PROBLEM TO SOLVE.
Reproduce the data below exactly as written. Pictures do not belong in the copy.

== DATASET EXCERPT

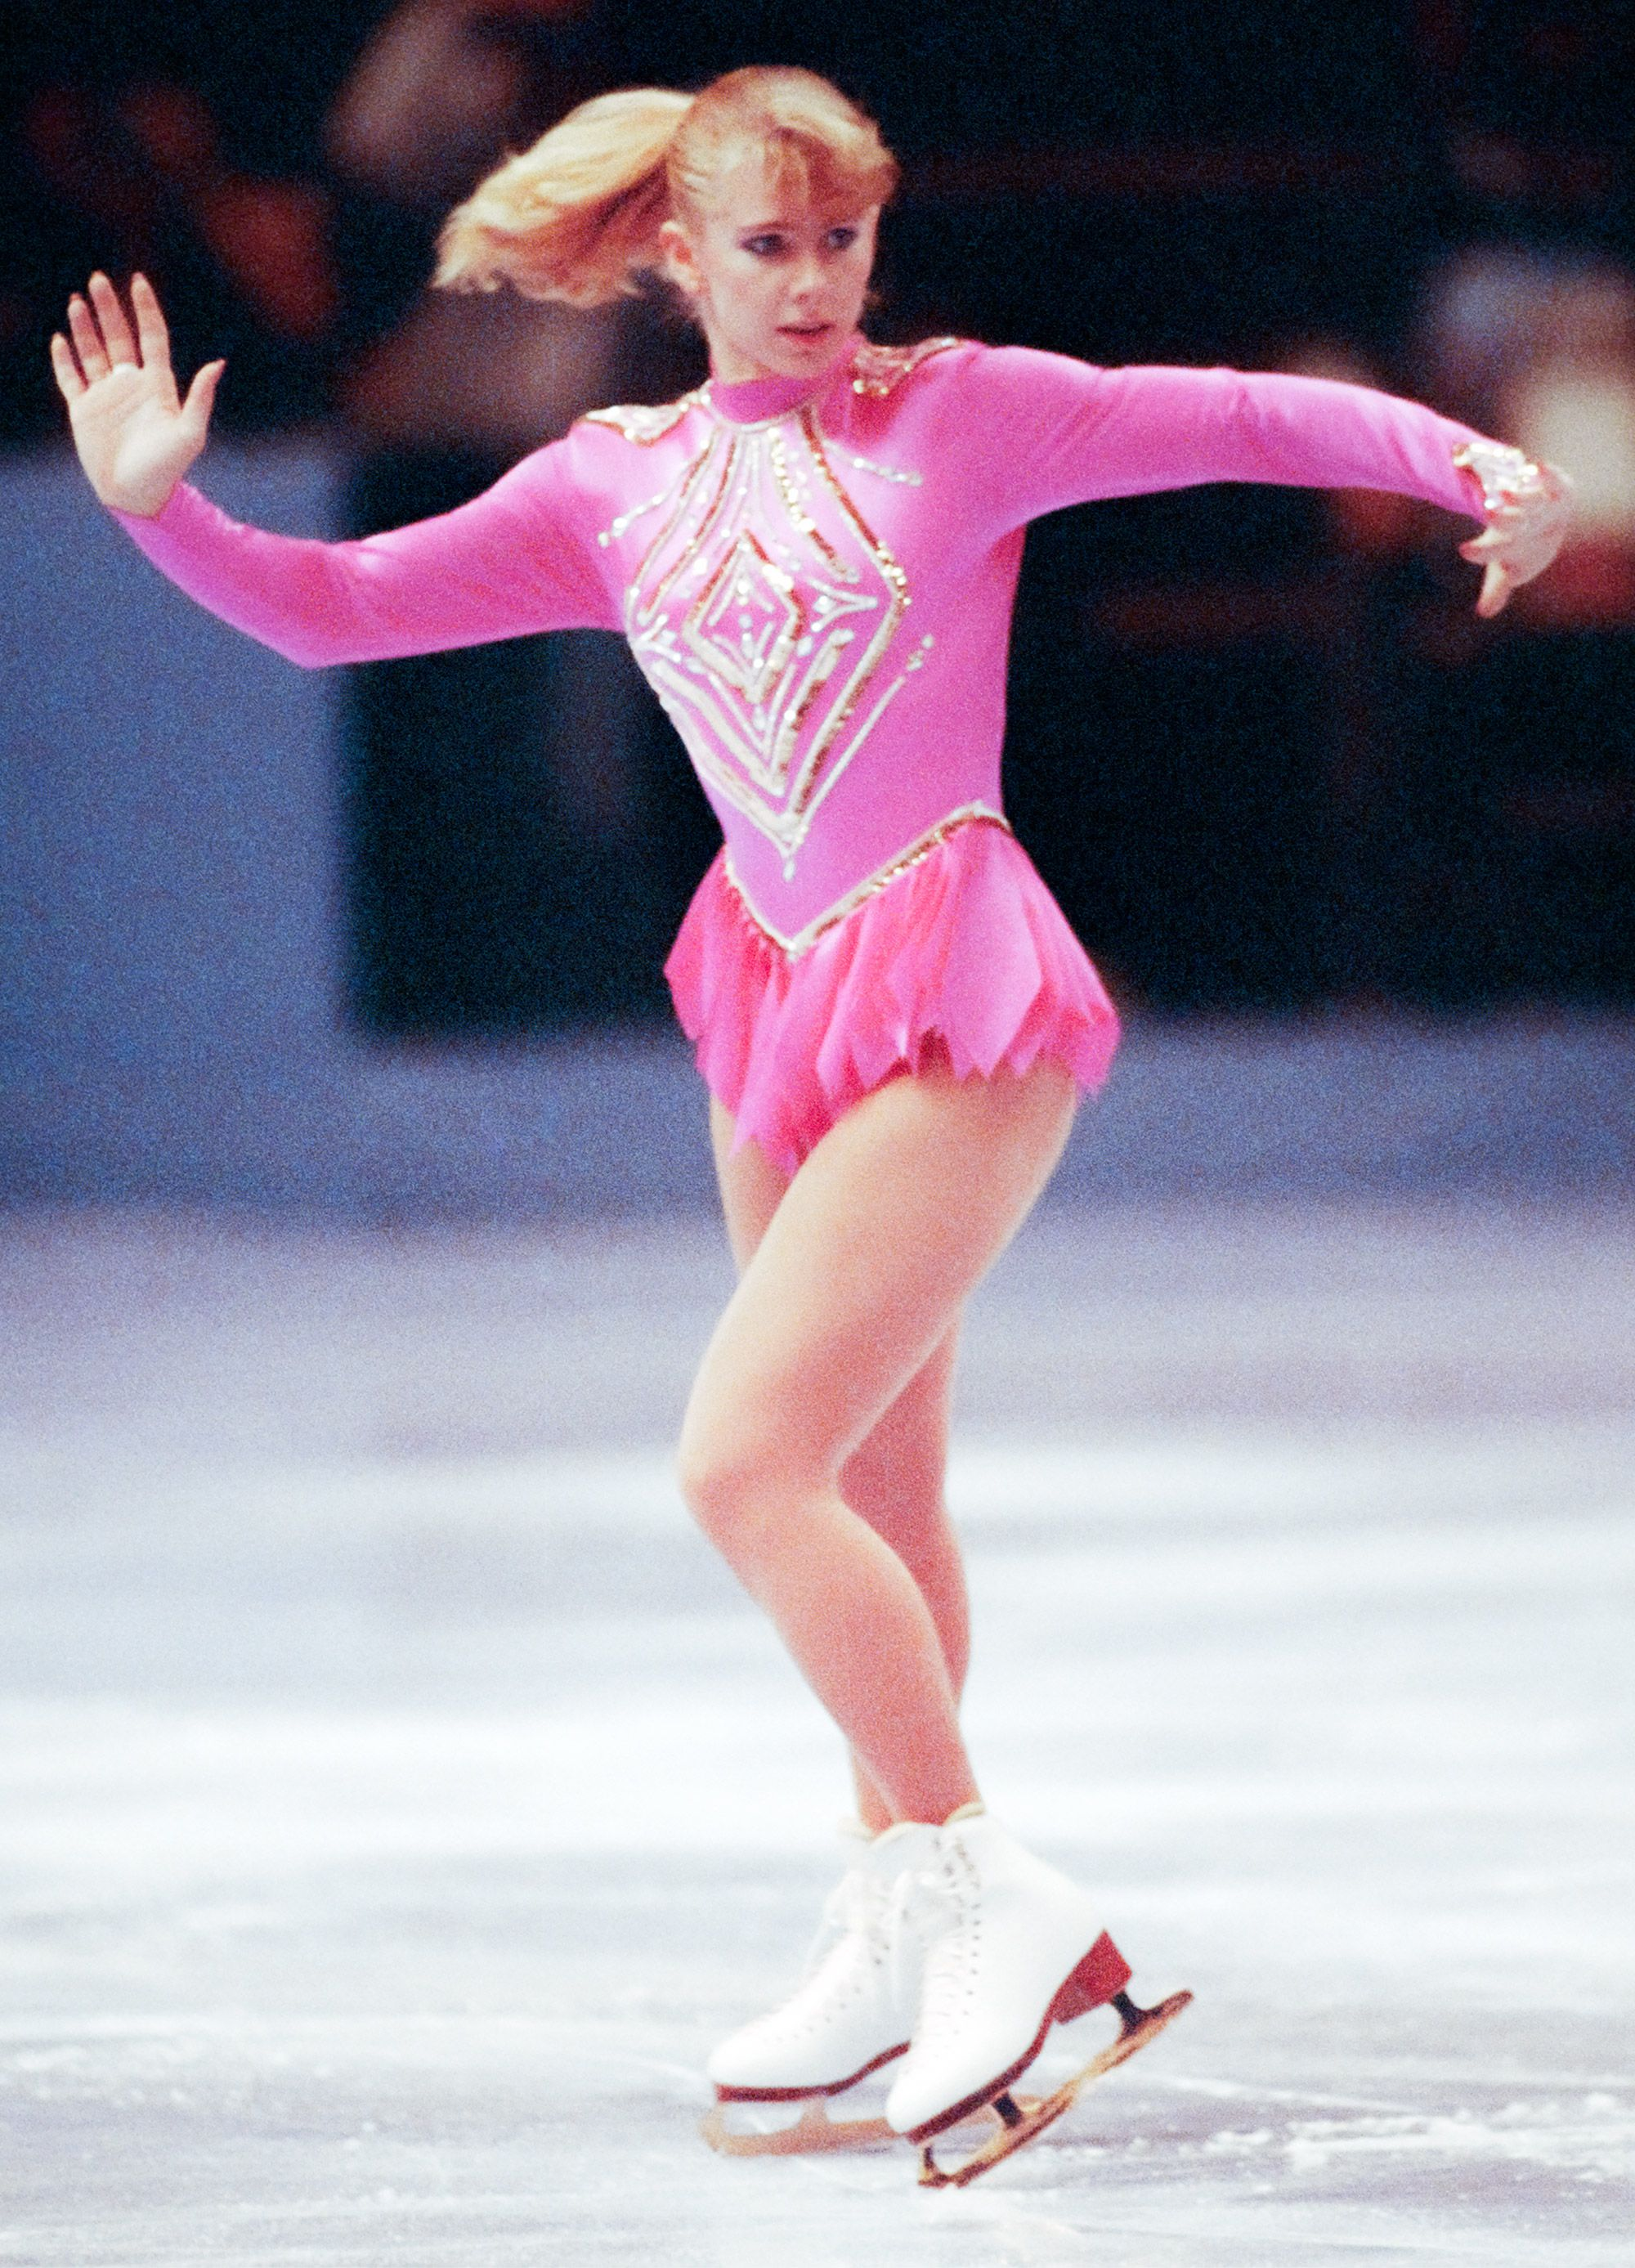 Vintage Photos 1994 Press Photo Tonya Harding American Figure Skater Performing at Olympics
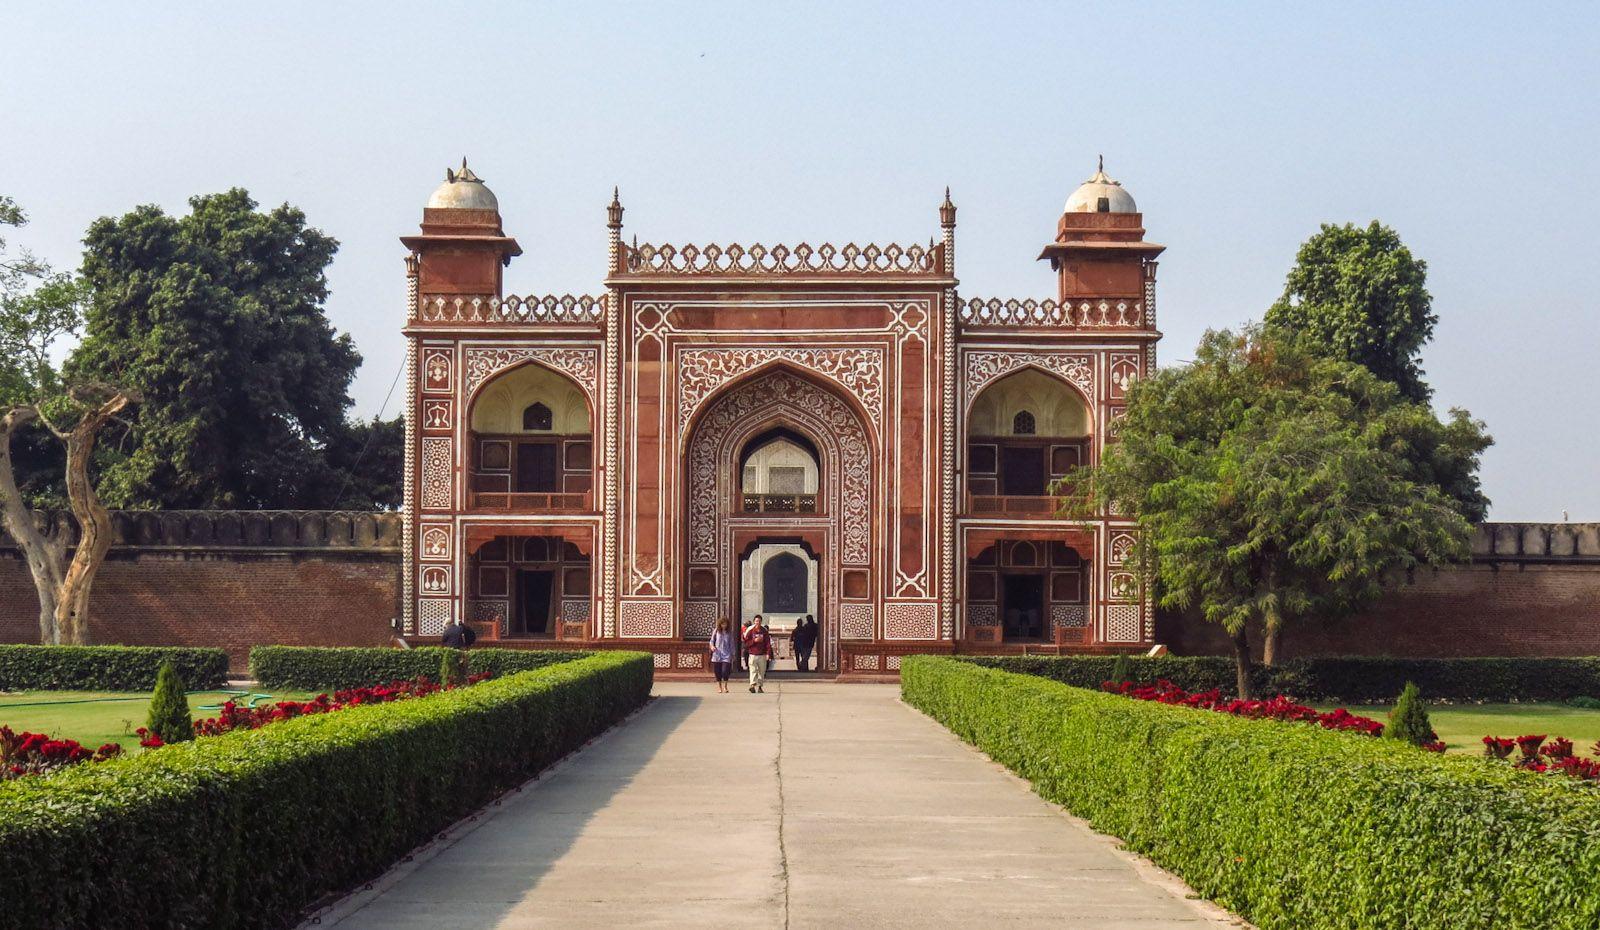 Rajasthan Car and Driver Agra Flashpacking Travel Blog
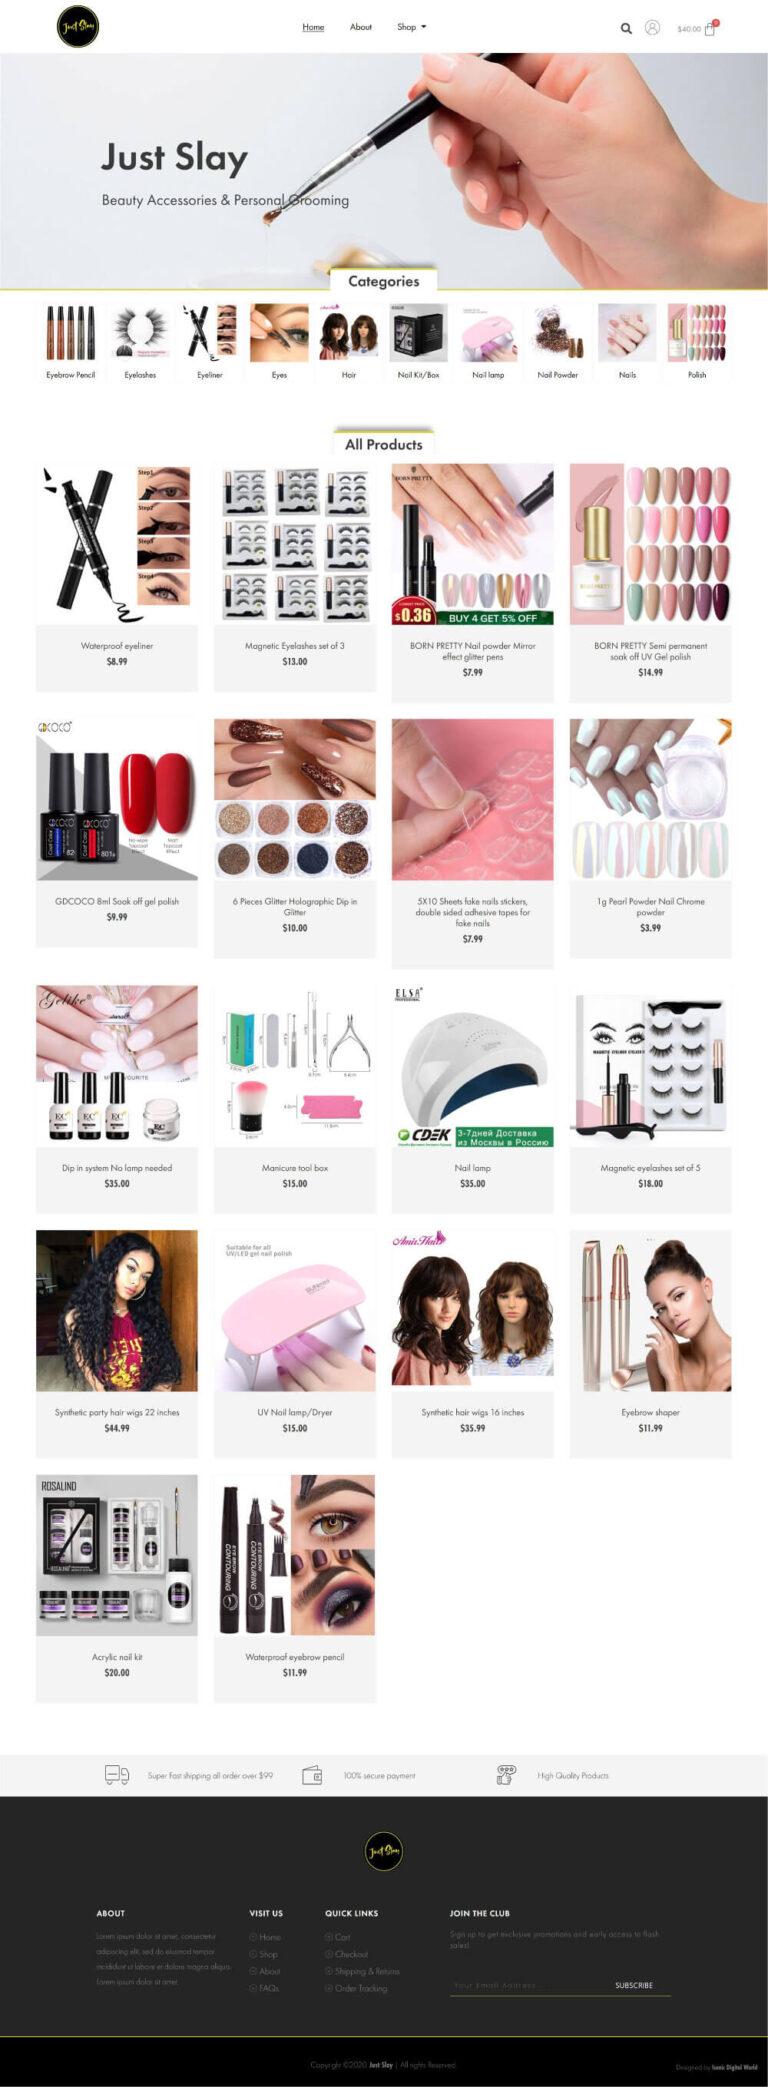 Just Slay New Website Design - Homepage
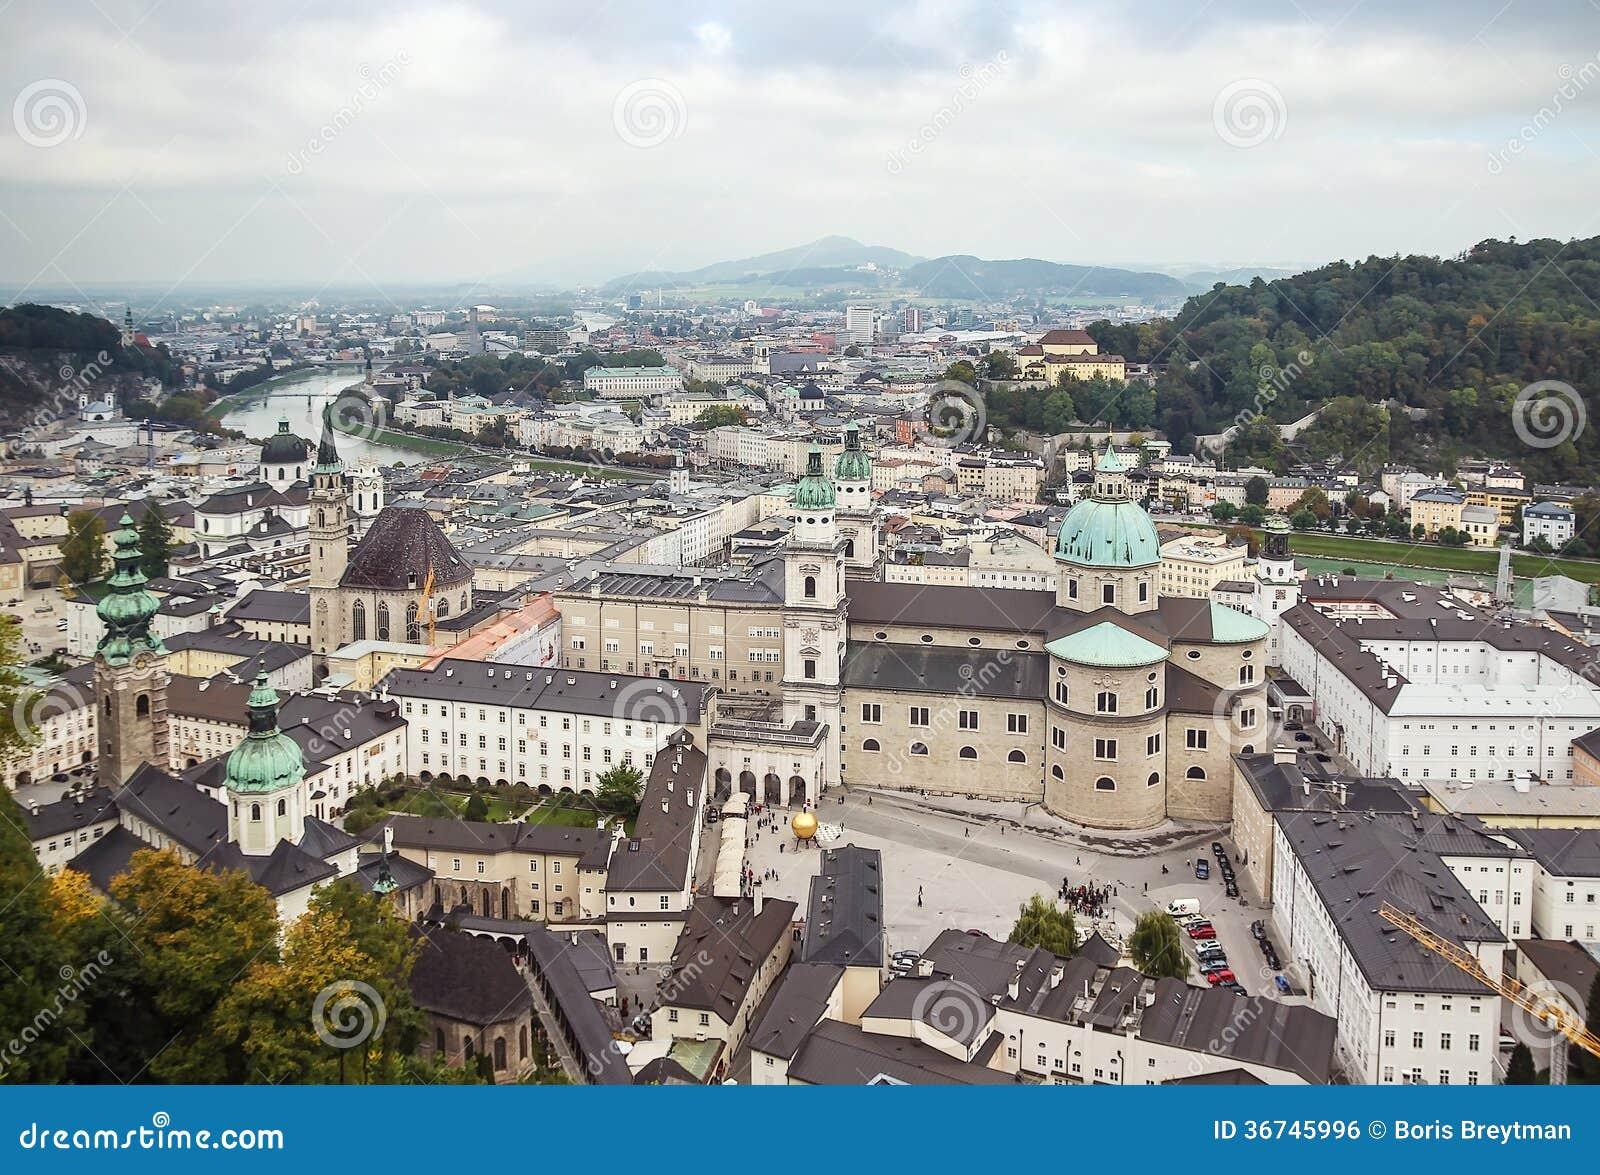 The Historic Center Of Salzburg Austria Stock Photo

====

RESPONSE TO THIS TASK.
 Vintage Photos 1994 Press Photo Tonya Harding American Figure Skater Performing at Olympics
 Rajasthan Car and Driver Agra Flashpacking Travel Blog
 Just Slay New Website Design - Homepage
 The Historic Center Of Salzburg Austria Stock Photo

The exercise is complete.